Guided Image Generation with Conditional Invertible Neural Networks (1907.02392v3)

Abstract: In this work, we address the task of natural image generation guided by a conditioning input. We introduce a new architecture called conditional invertible neural network (cINN). The cINN combines the purely generative INN model with an unconstrained feed-forward network, which efficiently preprocesses the conditioning input into useful features. All parameters of the cINN are jointly optimized with a stable, maximum likelihood-based training procedure. By construction, the cINN does not experience mode collapse and generates diverse samples, in contrast to e.g. cGANs. At the same time our model produces sharp images since no reconstruction loss is required, in contrast to e.g. VAEs. We demonstrate these properties for the tasks of MNIST digit generation and image colorization. Furthermore, we take advantage of our bi-directional cINN architecture to explore and manipulate emergent properties of the latent space, such as changing the image style in an intuitive way.

• The paper introduces cINNs, an invertible conditioning architecture that improves training stability and prevents mode collapse in image generation.
• It employs maximum likelihood training to yield diverse and realistic samples, outperforming models like cGANs and cVAEs in key metrics such as MSE and FID.
• Practical applications demonstrated include MNIST digit generation and image colorization, highlighting the model's versatility in resolving ambiguous inputs.

Conditional Invertible Neural Networks for Guided Image Generation

The paper "Guided Image Generation with Conditional Invertible Neural Networks" presents an innovative approach to natural image generation using conditional invertible neural networks (cINNs). Unlike conventional methods such as conditional generative adversarial networks (cGANs) and conditional variational autoencoders (cVAEs), cINNs offer a novel architecture that integrates invertible neural networks (INNs) with unconstrained feed-forward networks for preprocessing conditioning inputs. The architecture's core strengths lie in its stability during training, the absence of mode collapse, the production of diverse samples, and the generation of sharp images without the need for reconstruction losses.

Key Contributions

1. Novel Architecture Design: The paper introduces cINNs, which are conditional versions of INNs. These models preprocess the conditioning input, transforming the task from a purely generative model to one that can be conditioned on auxiliary inputs. The architecture ensures that the resulting model is flexible yet remains invertibly by design, leveraging the bijective nature of INNs to maintain efficient reversibility.
2. Training Stability and Sample Diversity: The proposed maximum likelihood-based training procedure ensures stable training across various datasets without the common pitfalls in similar models, such as mode collapse. INNs inherently support this stability, facilitating the sampling of diverse and realistic images.
3. Practical Applications: The effectiveness of cINNs is demonstrated through MNIST digit generation and image colorization tasks. The ability to generate diverse colorizations from a single grayscale image underscores the model's capacity for resolving ambiguous input data into multiple plausible outputs, showcasing robust generative performance.

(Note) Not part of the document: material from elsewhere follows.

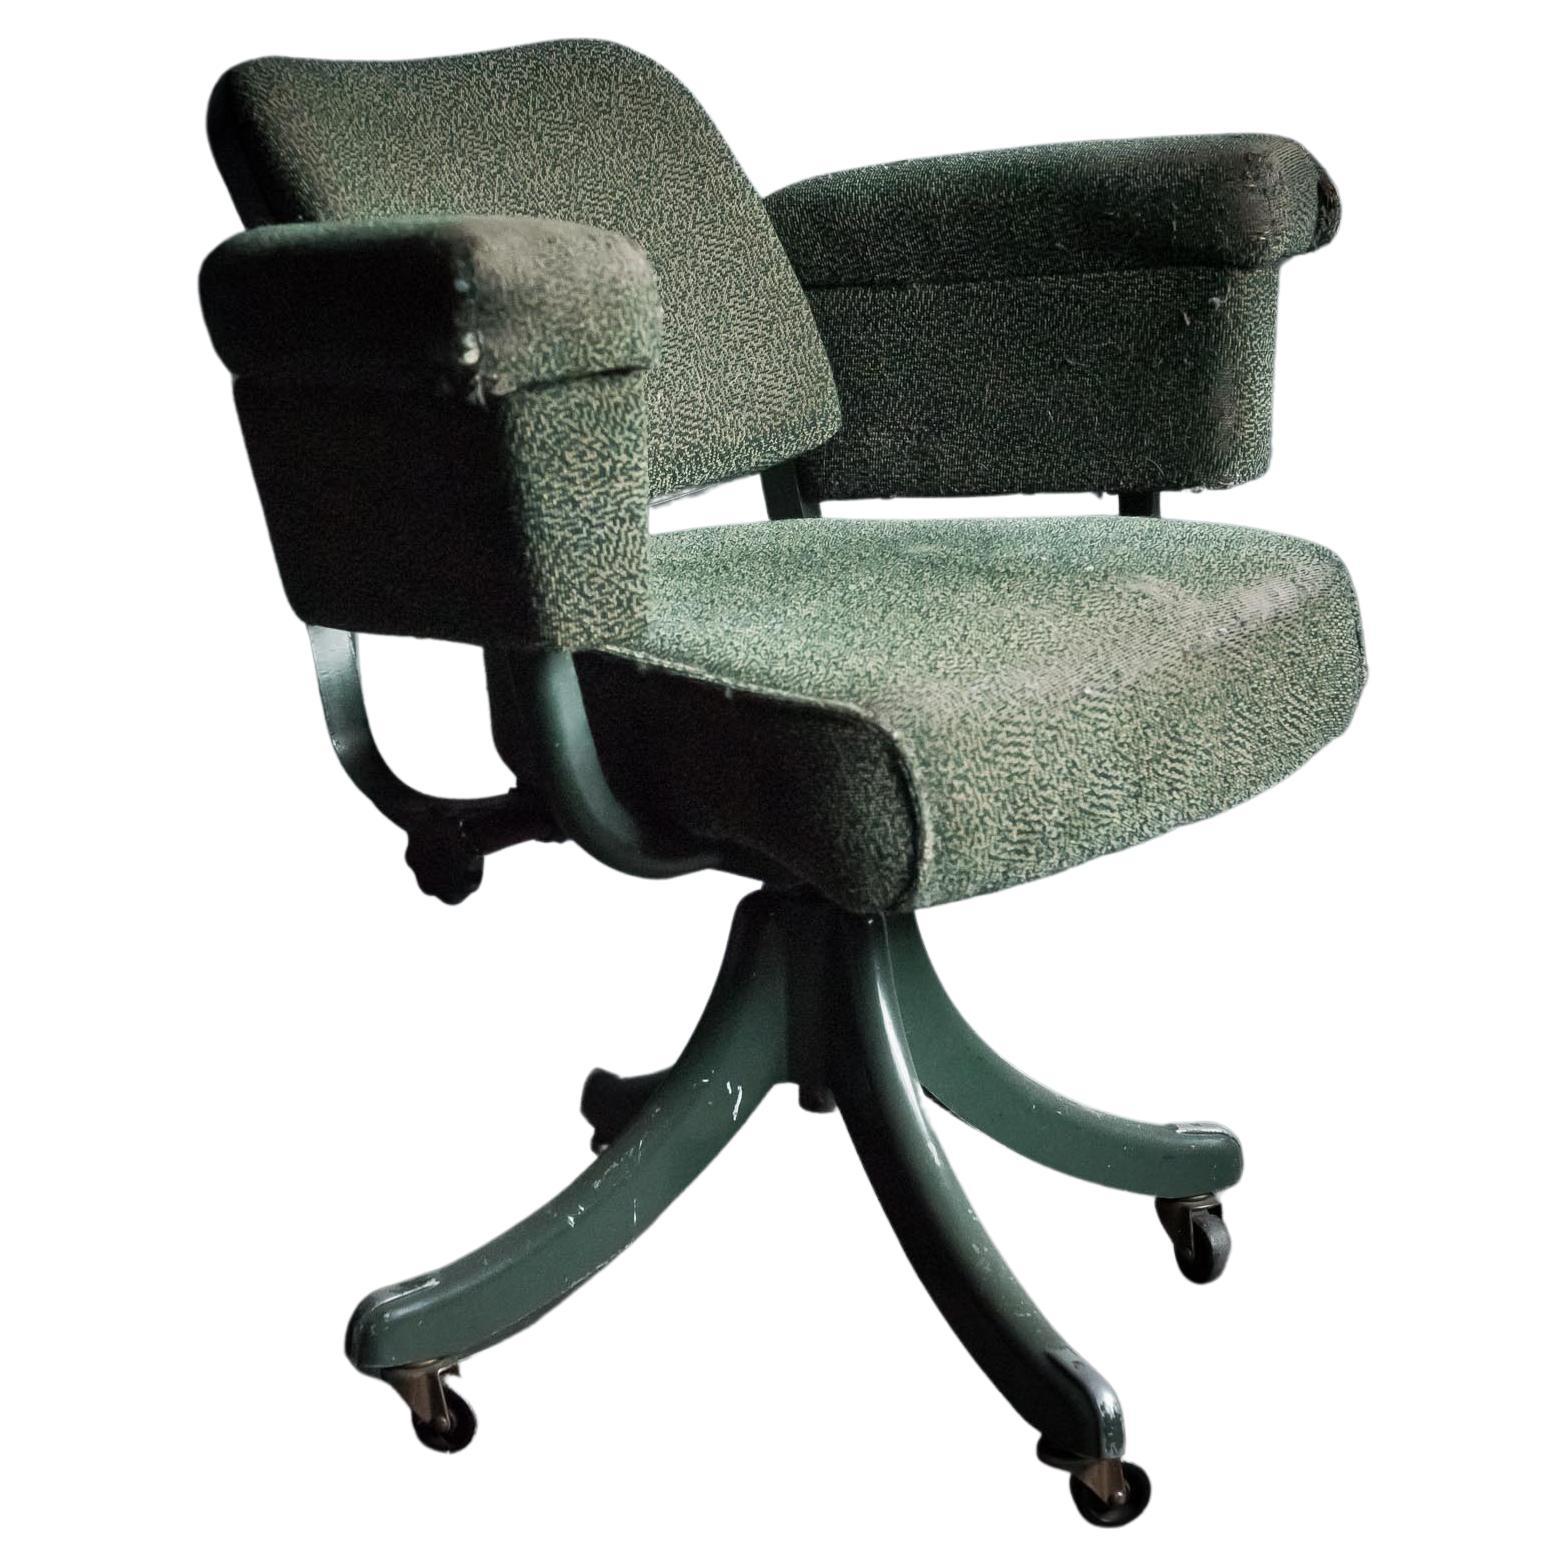 Tansad Office Chair in Original Green Boucle Upholstery
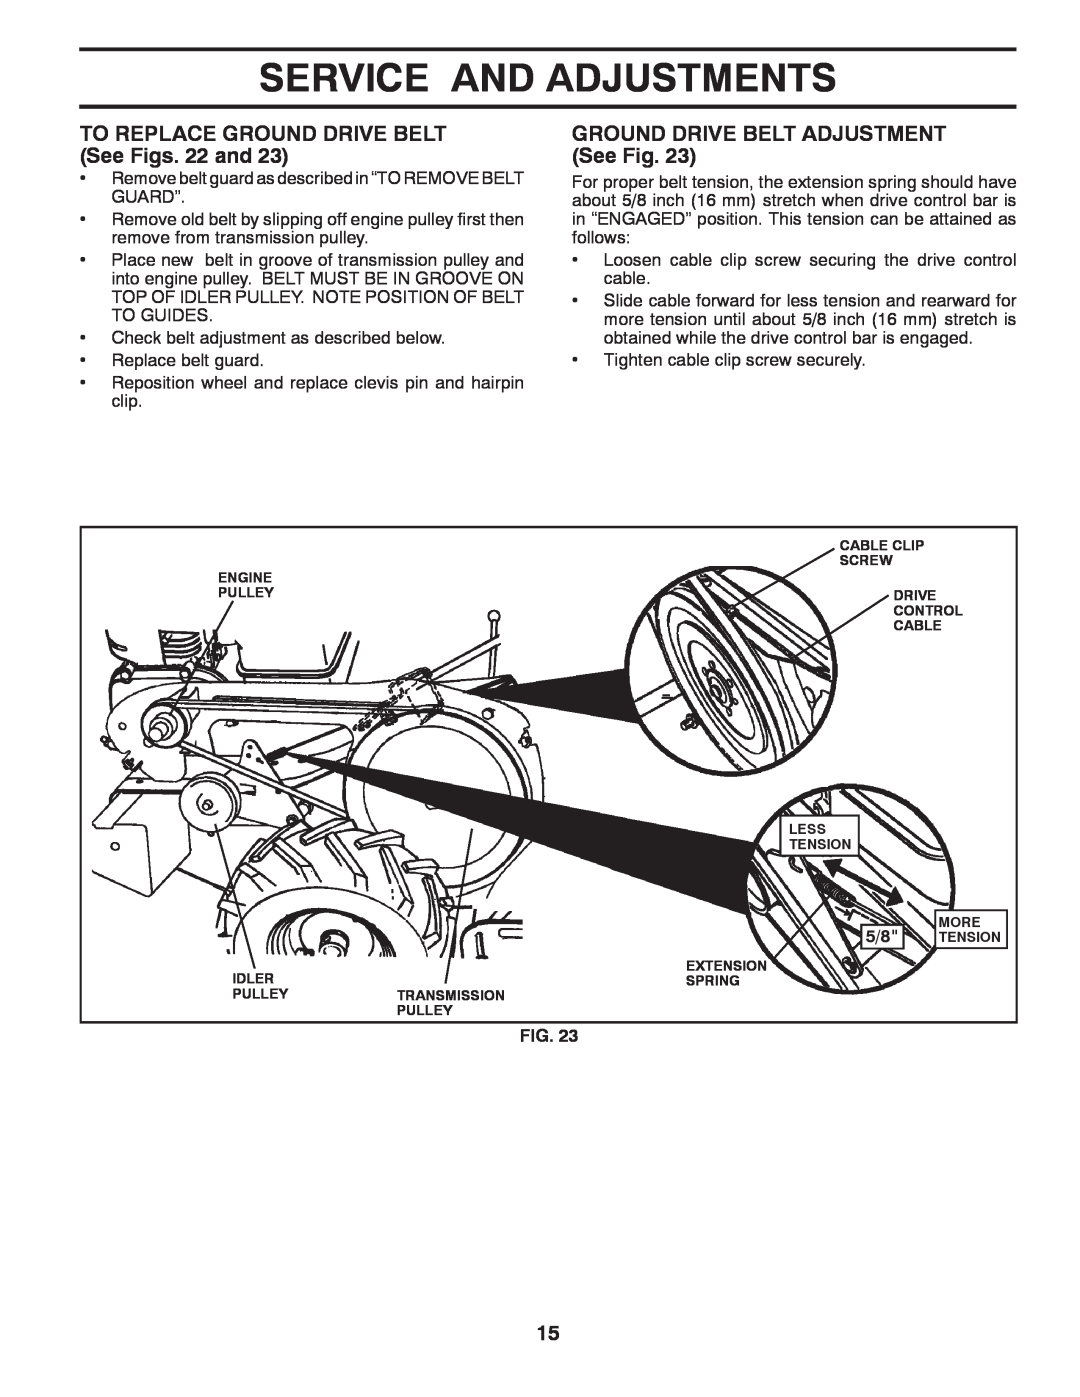 Poulan PRRT850 manual TO REPLACE GROUND DRIVE BELT See Figs. 22 and, GROUND DRIVE BELT ADJUSTMENT See Fig

Numerical Results and Evaluation

The paper reports strong numerical results benchmarking cINNs against other contemporary models like cGANs and cVAEs. For instance, in image colorization tasks, the cINN model exhibited superior diversity and realism scores, highlighting its efficacy in dealing with complex image conditioning scenarios.

1. Error Metrics: The cINNs minimized the best-of-8 mean square error (MSE) in colorization tasks, outperforming others and maintaining high standards in realism assessed through the Fréchet Inception Distance (FID).
2. Latent Space Manipulation: The paper details cINNs’ emergent properties, such as linearly embedding style attributes, enabling intuitive image manipulations directly in the latent space. This feature widens the scope for applications like content-styled image transfer and style-consistent generative processes.

Implications and Future Directions

The paper’s results suggest promising avenues for improving practical applications in AI, particularly in diverse generation tasks. The proposed cINN architecture is not only a potential alternative to existing methods but may evolve into a pivotal framework for future conditional generative models.

One key implication is the potential impact on tasks that inherently require high diversities, such as semantic segmentation and synthesis in varying image modalities. Moreover, the integration of conditioning networks illustrates the fabric wherein cINNs can be employed across multiple domains, emphasizing their versatility and domain adaptability.

Speculation on Future Developments

Future explorations may focus on scaling cINNs to ultra-high-resolution tasks while maintaining computational efficiency. As further enhancements in conditioning network architectures develop, they may synergize to introduce richer feature extractions, potentially improving the descriptive power of cINNs in conditional scenarios.

Additionally, given the model's stability in handling mode collapse, researchers might find ways to extend cINNs into uncharted territories within generative tasks, refining latent space controls further to encode complex multimodal distributions with ease.

Conclusion

This work on cINNs stands as a significant contribution to the domain of generative modeling, opening up new possibilities for stable, diverse, and high-quality image generation. While challenges remain in scaling and optimizing the conditioning phase, this paper sets a foundation for developing robust models capable of sophisticated image manipulation and generation, providing a compelling argument for the continued investigation and adoption of invertible network architectures in conditional settings.